New Arrival:
• Dread Danger: Cowardice and Combat in the American Civil War by Lesley J. Gordon (Cambridge UP, 2024).
I've been looking forward to reading Lesley Gordon's Dread Danger: Cowardice and Combat in the American Civil War for quite a while now, and after some publishing delays (it was in my June "Coming Soon") it's finally here. With so many subjective elements involved with it, evaluating cowardice in Civil War combat seems like it would be a daunting task to undertake. Nevertheless, I fully anticipate that Gordon has come up with some valid and interesting ways of looking at the topic that together impart "a fuller understanding of the soldier experience and the overall costs and sufferings of war." The book is surely an extension of Gordon's highly praised earlier work in A Broken Regiment: The 16th Connecticut's Civil War, which also examined a regiment that suffered from a stained martial reputation (the 16th broke at Antietam and suffered further humiliation in 1864 at Plymouth, North Carolina).
The book is structured around two case study regiments, one a Union short-timer and the other a Confederate unit that served throughout the entire war.
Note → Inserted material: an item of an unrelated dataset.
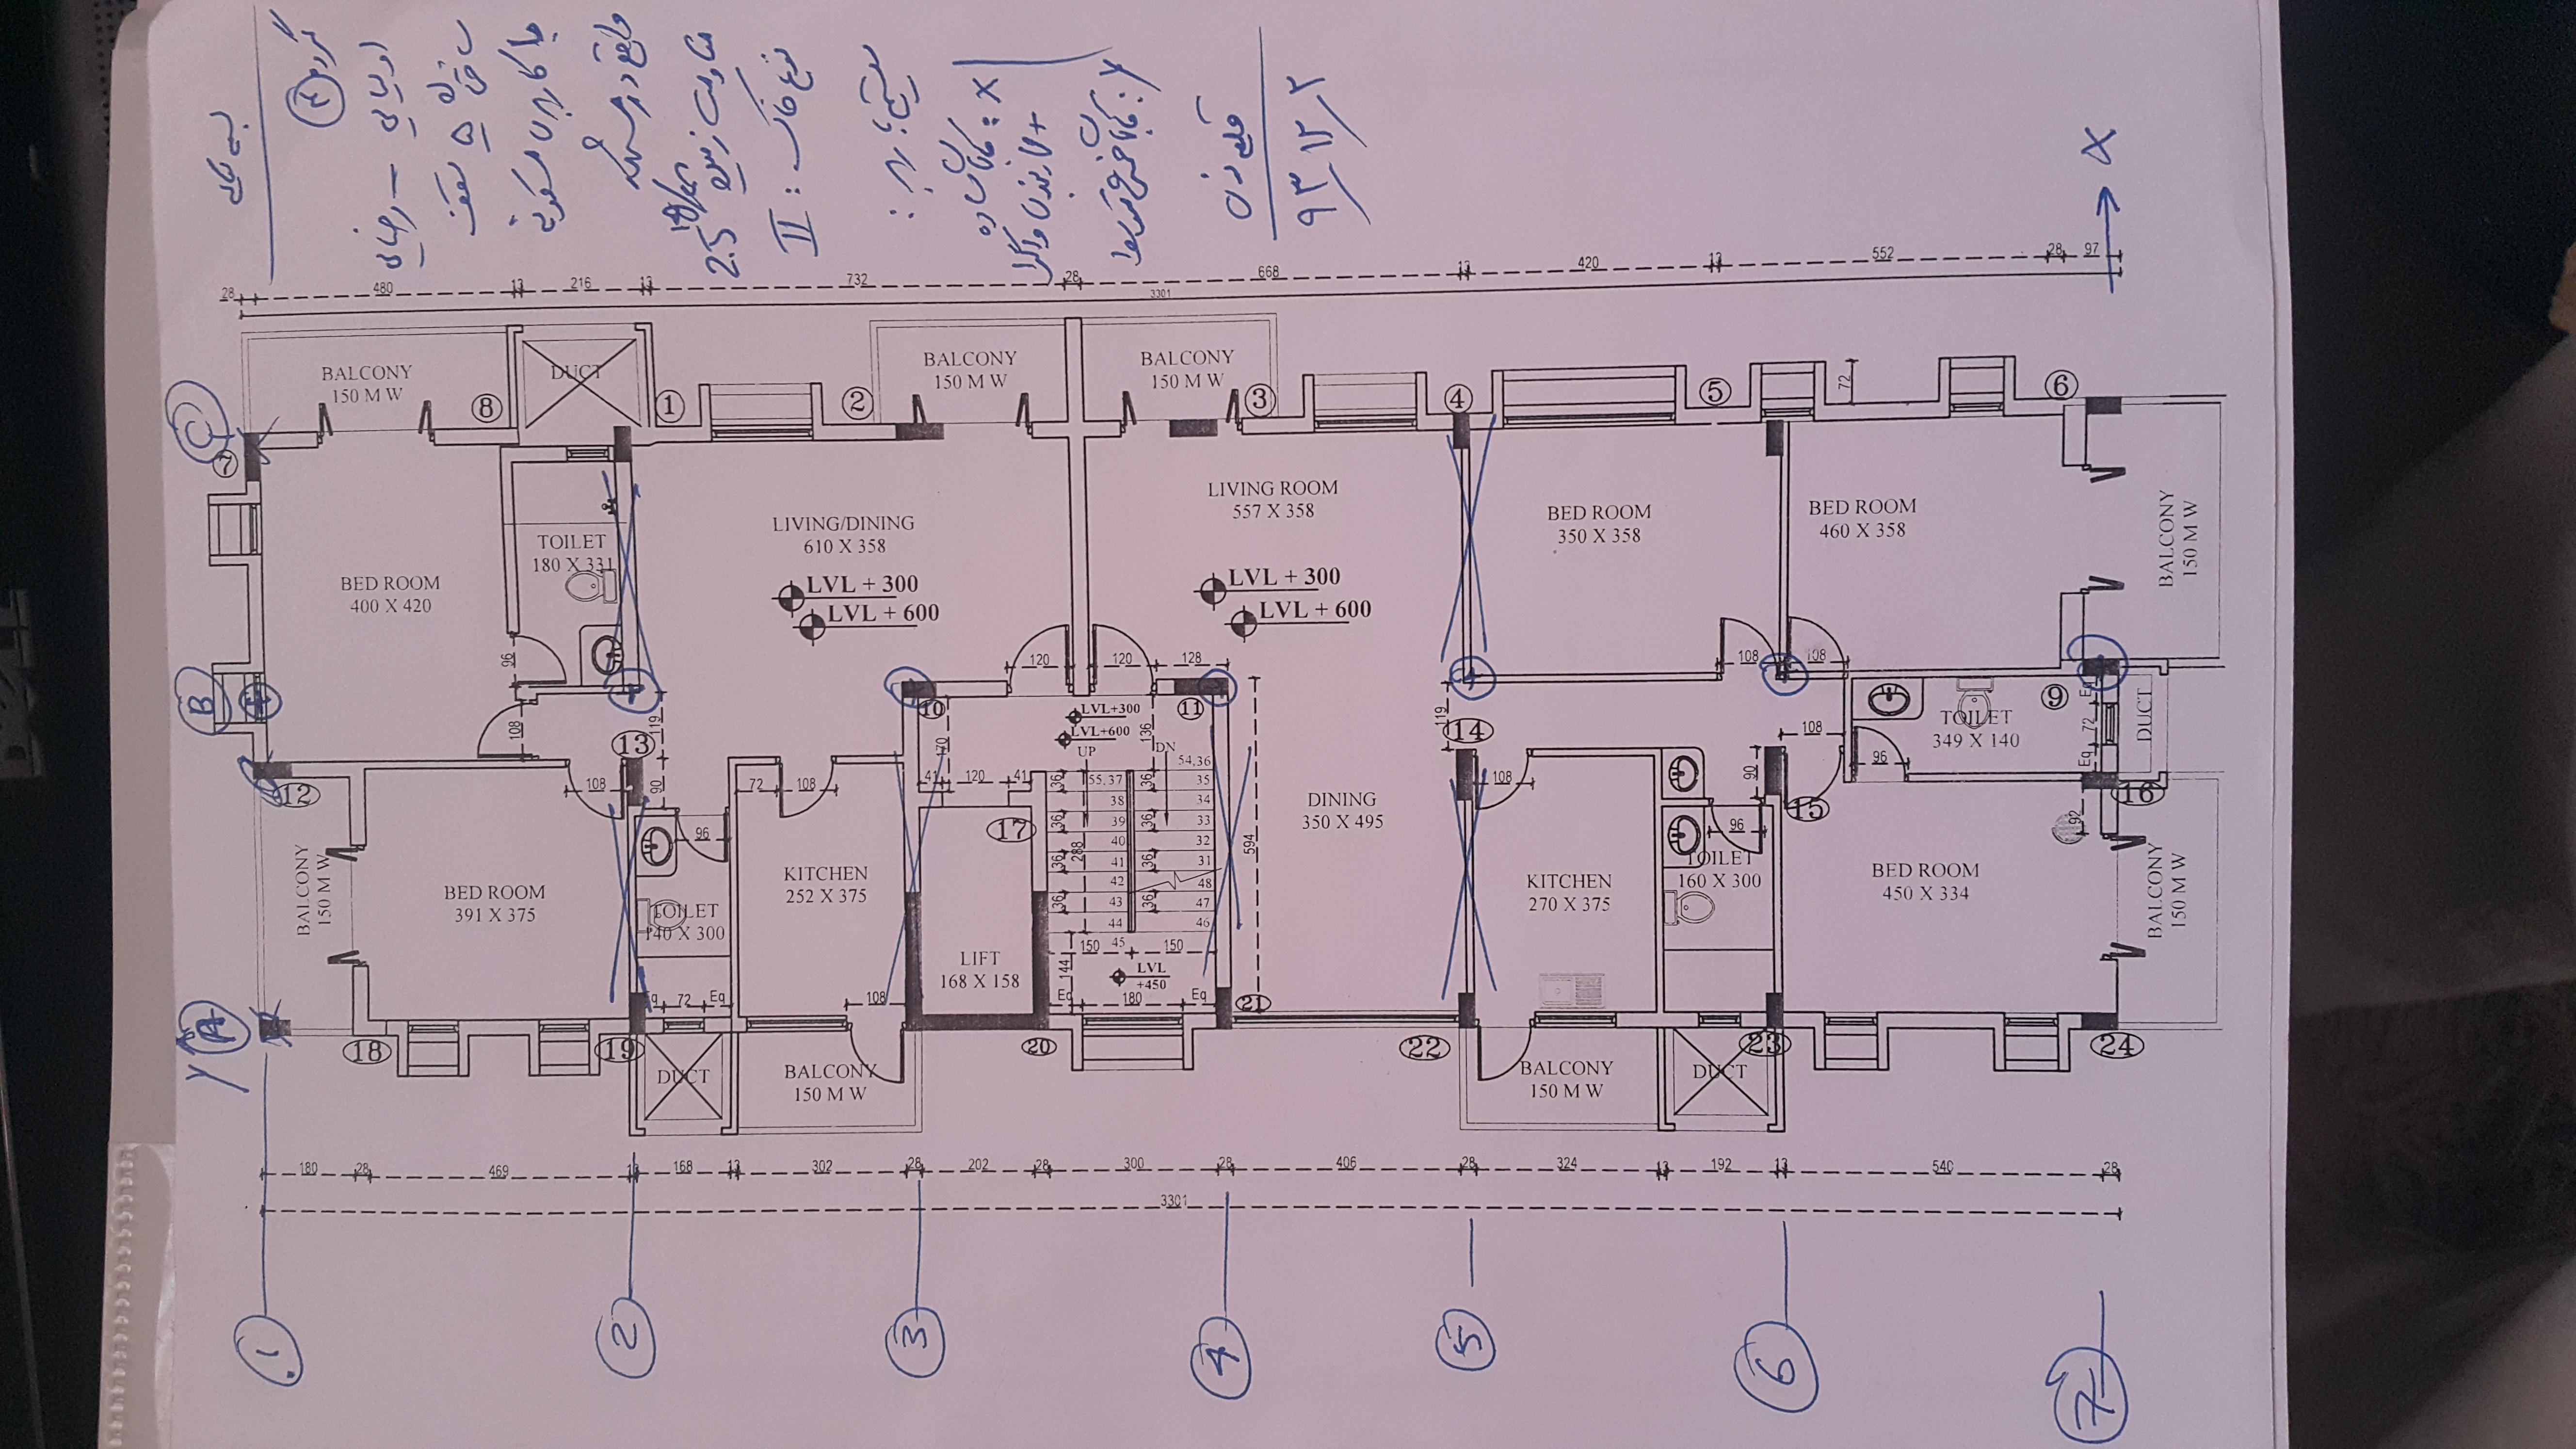 پروژه کامل طراحی ساختمان فولادی، دارای فایل EATBS، SAFE و Word (قابل ویرایش)

From the description: "When confronted with the abject fear of going into battle, Civil War soldiers were expected to overcome the dread of the oncoming danger with feats of courage and victory on the battlefield. The Fire Zouaves and the 2nd Texas Infantry went to war with high expectations that they would perform bravely; they had famed commanders and enthusiastic community support. How could they possibly fail? Yet falter they did, facing humiliating charges of cowardice thereafter that cast a lingering shadow on the two regiments, despite their best efforts at redemption."
The two unit selections are intriguing ones. I'm familiar with the reputational hit suffered by the 11th New York "Fire Zouaves" regiment, which infamously broke and ran at First Bull Run, but, at least for me, nothing like that immediately comes to mind for the 2nd Texas. My own lasting image of them is their incredibly brave and costly charge against Battery Robinett on October 4, 1862 at Corinth (you might recall the fairly frequently reproduced photograph of Texas bodies, including that of its colonel, William P. Rogers, piled up against the earthwork battery's exterior slope) and the regiment stalwartly defended the 2nd Texas Lunette at Vicksburg. The specific circumstances surrounding the substance of General Hardee's charges against the Texans at Shiloh doesn't ring a bell for me (was Hardee a major general who frequently singled out regiments for alleged bad behavior?), and I'm quite interested to learn more about that.
According to Gordon, public allegations of collective cowardice directed toward the 11th New York and 2nd Texas didn't much survive the conflict itself let alone stalk those individuals throughout the rest of their lives. More from the description: "By the end of the war, however, these charges were largely forgotten, replaced with the jingoistic rhetoric of martial heroism, a legacy that led many, including historians, to insist that all Civil War soldiers were heroes."